Using the data beneath this instruction, retype only the lines from the one that contains "TVFX ポワーン クイズ出題前 上昇音の未再生の波形" down to the one that contains "Pool installation company in Phoenix", both included, exactly as they appear.

**Listed records:**
((

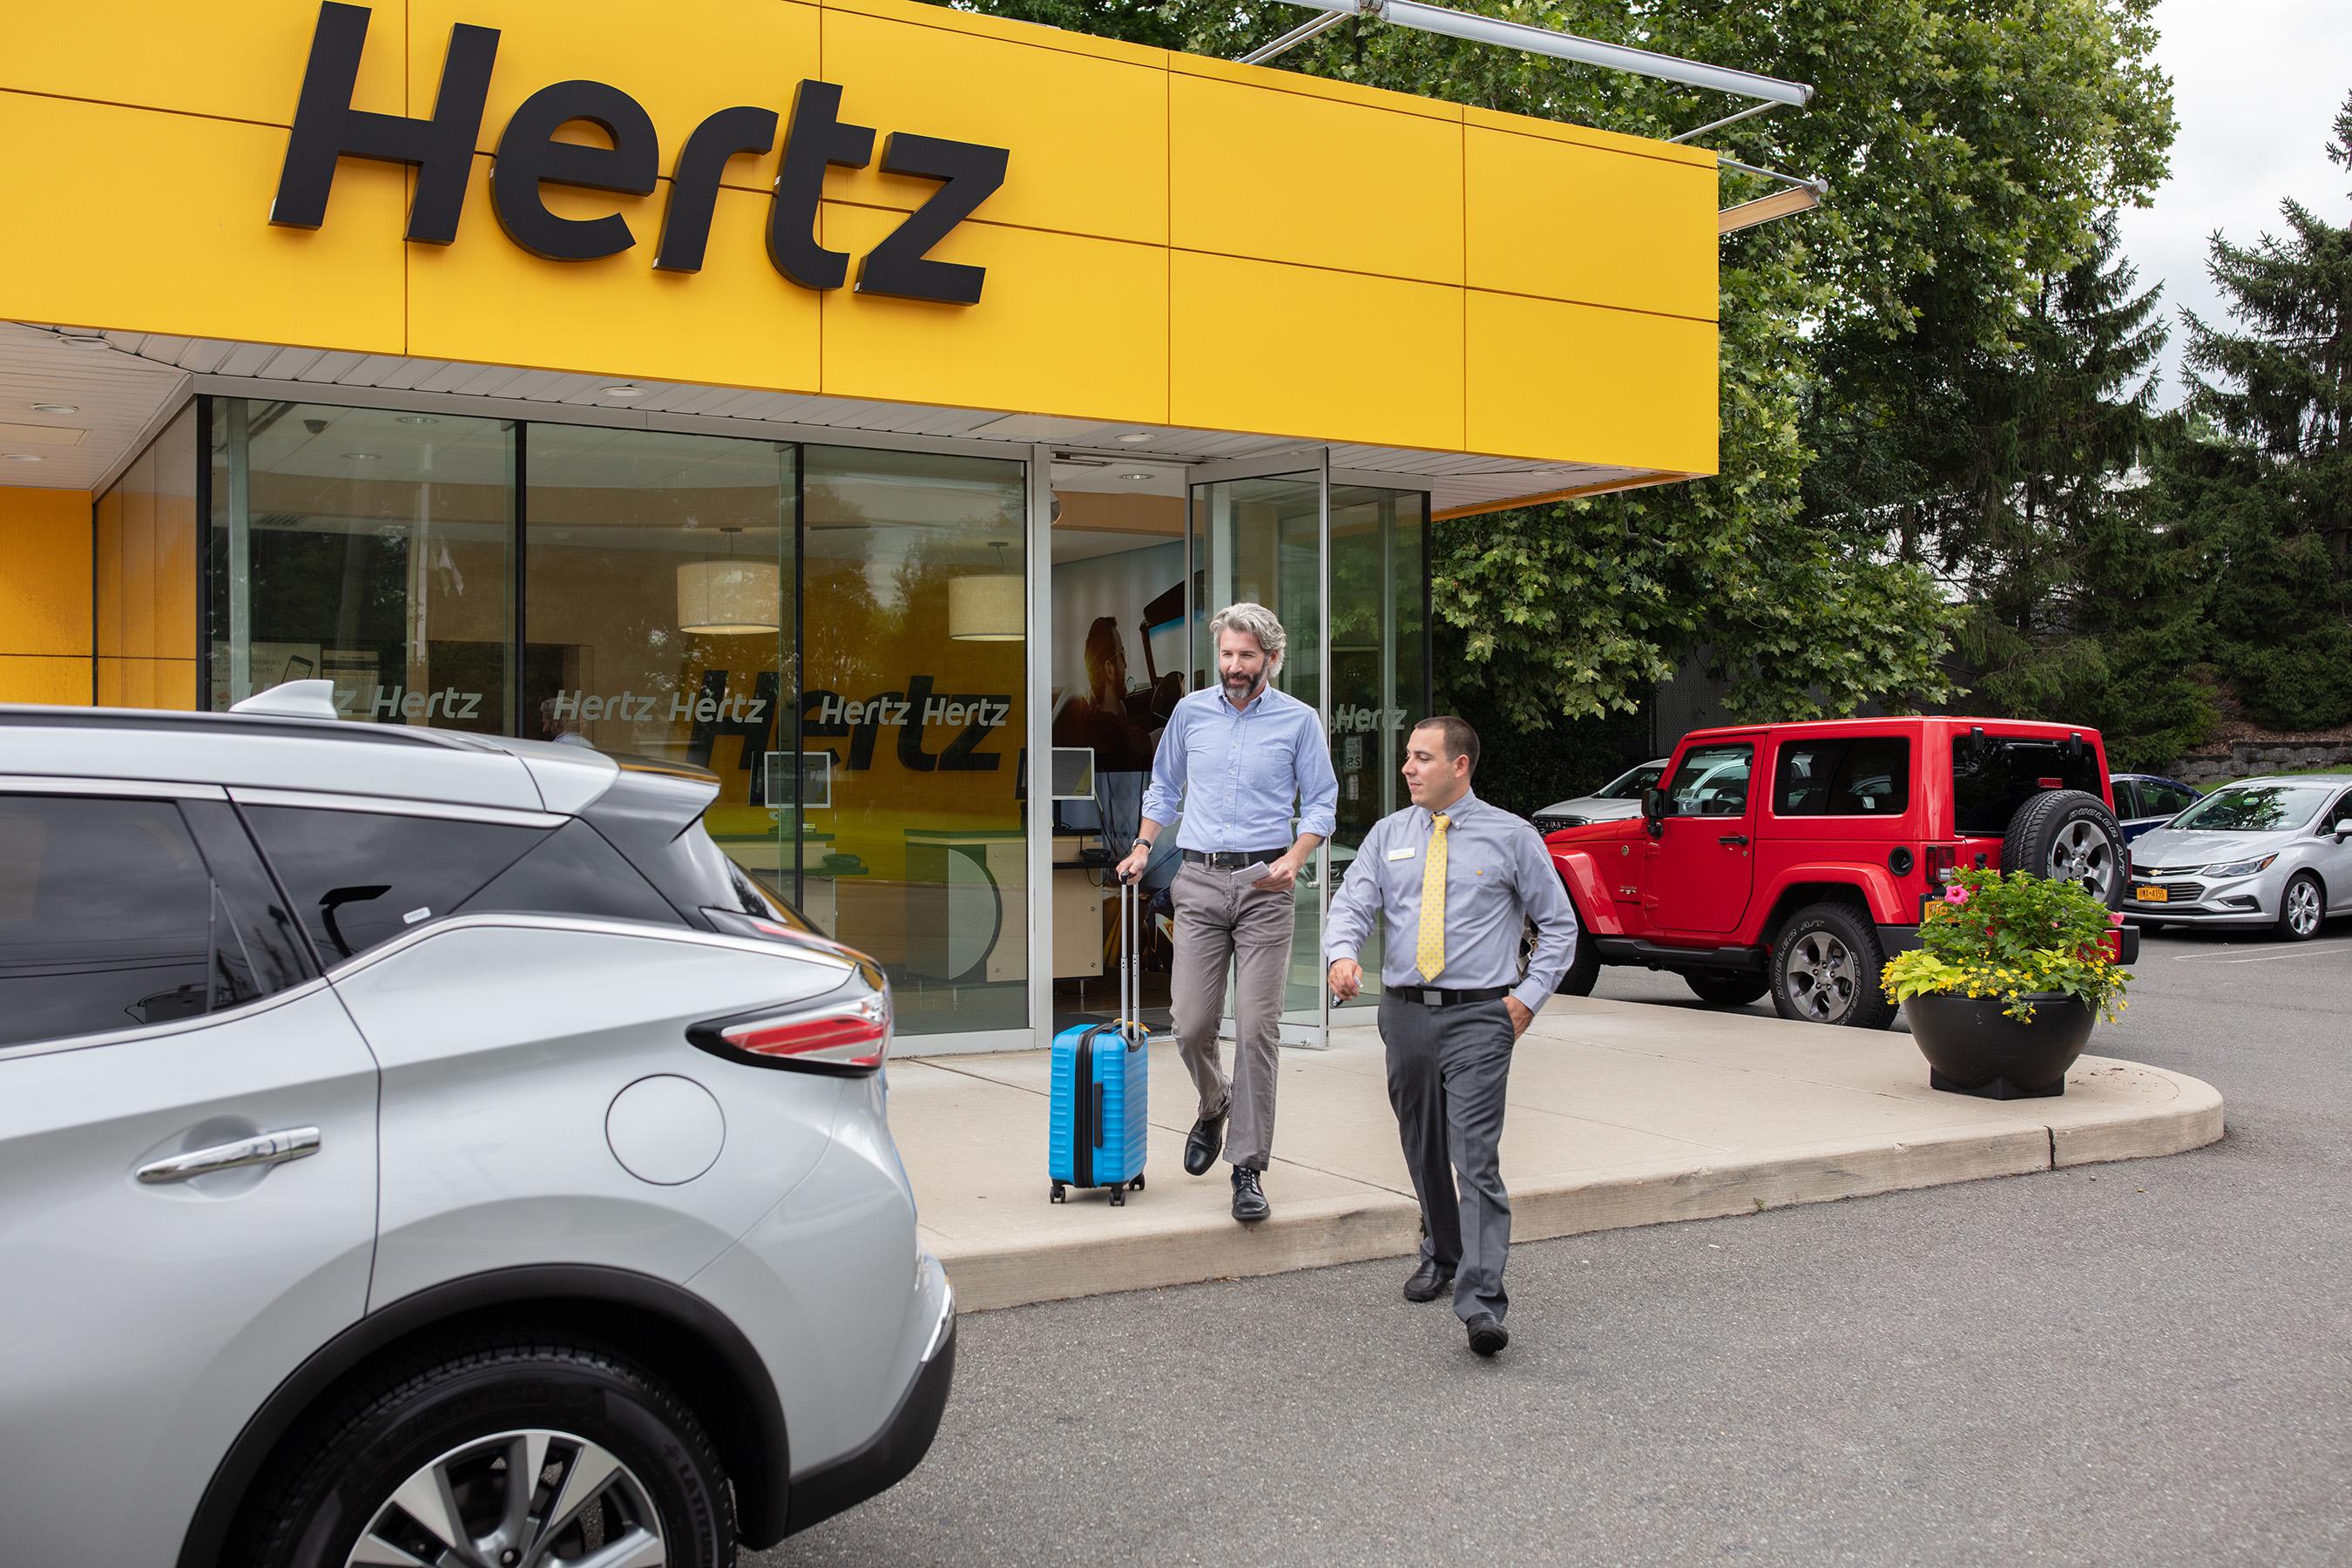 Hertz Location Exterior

))
((

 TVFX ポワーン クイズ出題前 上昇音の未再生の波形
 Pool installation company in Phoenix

))

**Exercise answer:**
 TVFX ポワーン クイズ出題前 上昇音の未再生の波形
 Pool installation company in Phoenix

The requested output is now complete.